# How much Flourish Excel to dose on a 2 gallon spec.



## MagicalAlpha (Aug 5, 2011)

1 ml. Use a syringe


----------



## kevmo911 (Sep 24, 2010)

No. And yes. Directions say 1mL/10g, and that's fine daily. Yes, use a syringe. There's a really long thread about Excel as a treatment for BBA in the Algae forum. Basically, it boils down to long-term use of Excel over the basic recommendation will kill stuff that you don't want killed. And don't ever use the "post-water change" dosage.

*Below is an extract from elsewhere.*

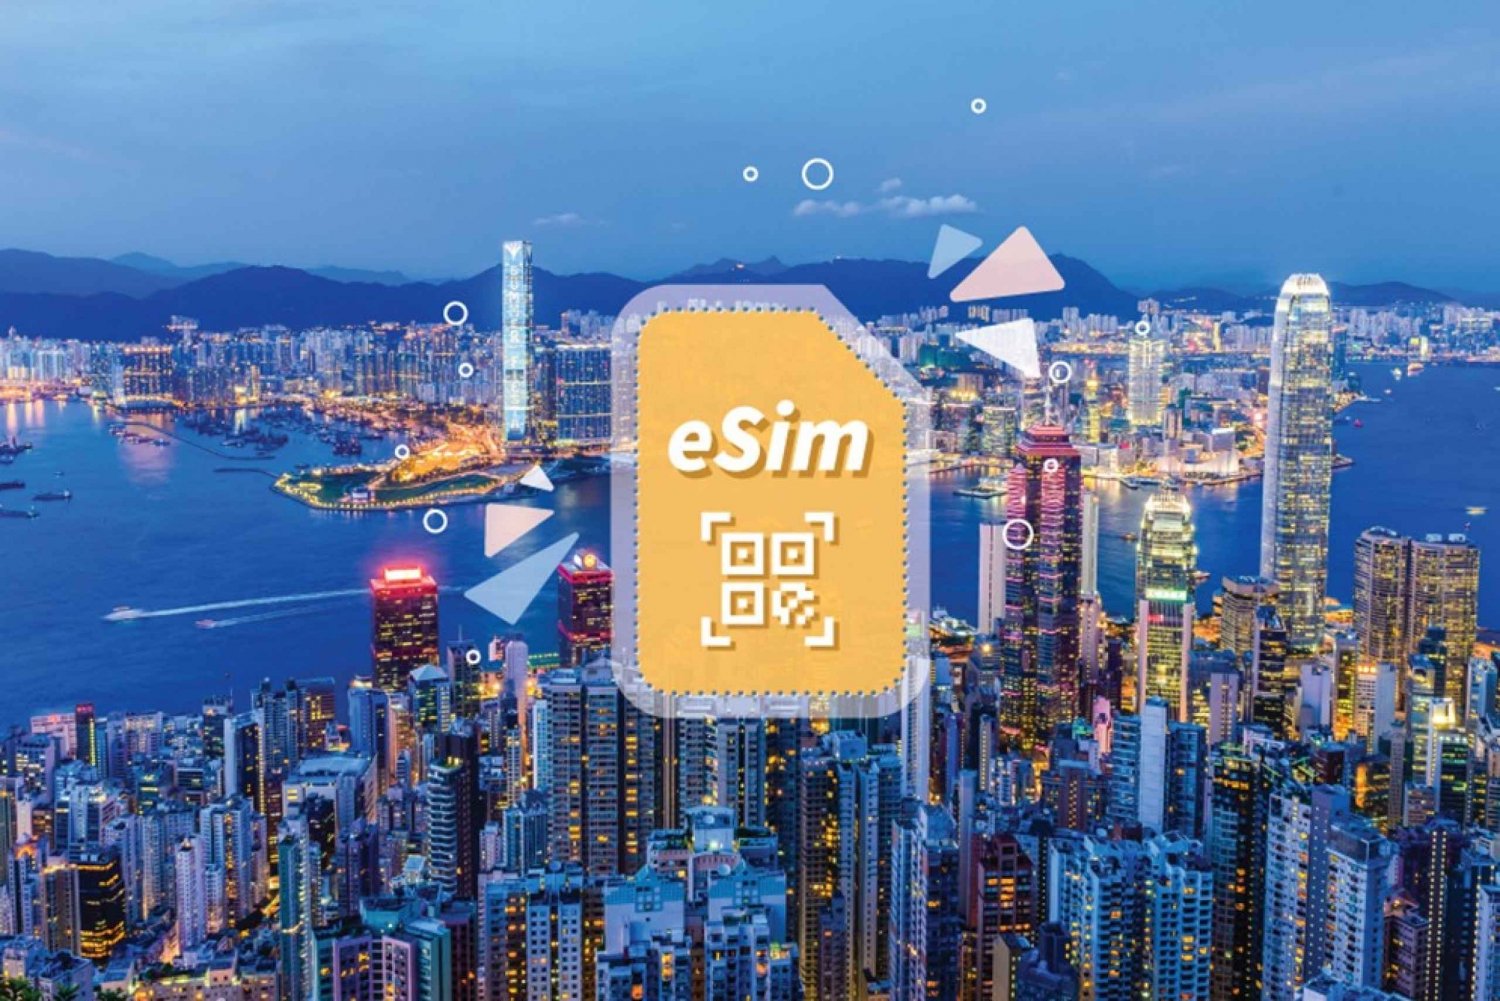 Cina: piano dati eSIM con VPN per Hong Kong, Macao e altro ancora

Just stick with the directions. Use a small syringe, and do 0.2mL/day.


----------



## DannyDapper (Oct 12, 2012)

Thanks guys! Now to find a syringe! lol


----------



## variable (Jan 11, 2012)

For my 2 gallon, I measure by drops. 2 drops = .1 mL, the regular dose is .1 mL/gal, so 2 drops per gallon. I got a flip top lid similar to this: 
http://www.amazon.com/16oz-Plastic-...=1354635750&sr=8-1&keywords=squirt+top+bottle 
and put it on my Excel bottle. Makes it very easy to dose small tanks.


----------



## biggerbang (Sep 16, 2012)

I just looked at the material safety data sheet for flourish excel and it is water soluble. So you could just take the bottle, dilute it 1:10 and now it would be 1 mL per 1 gallon dosing, making it easier to dose for the 2 gallon spec.


----------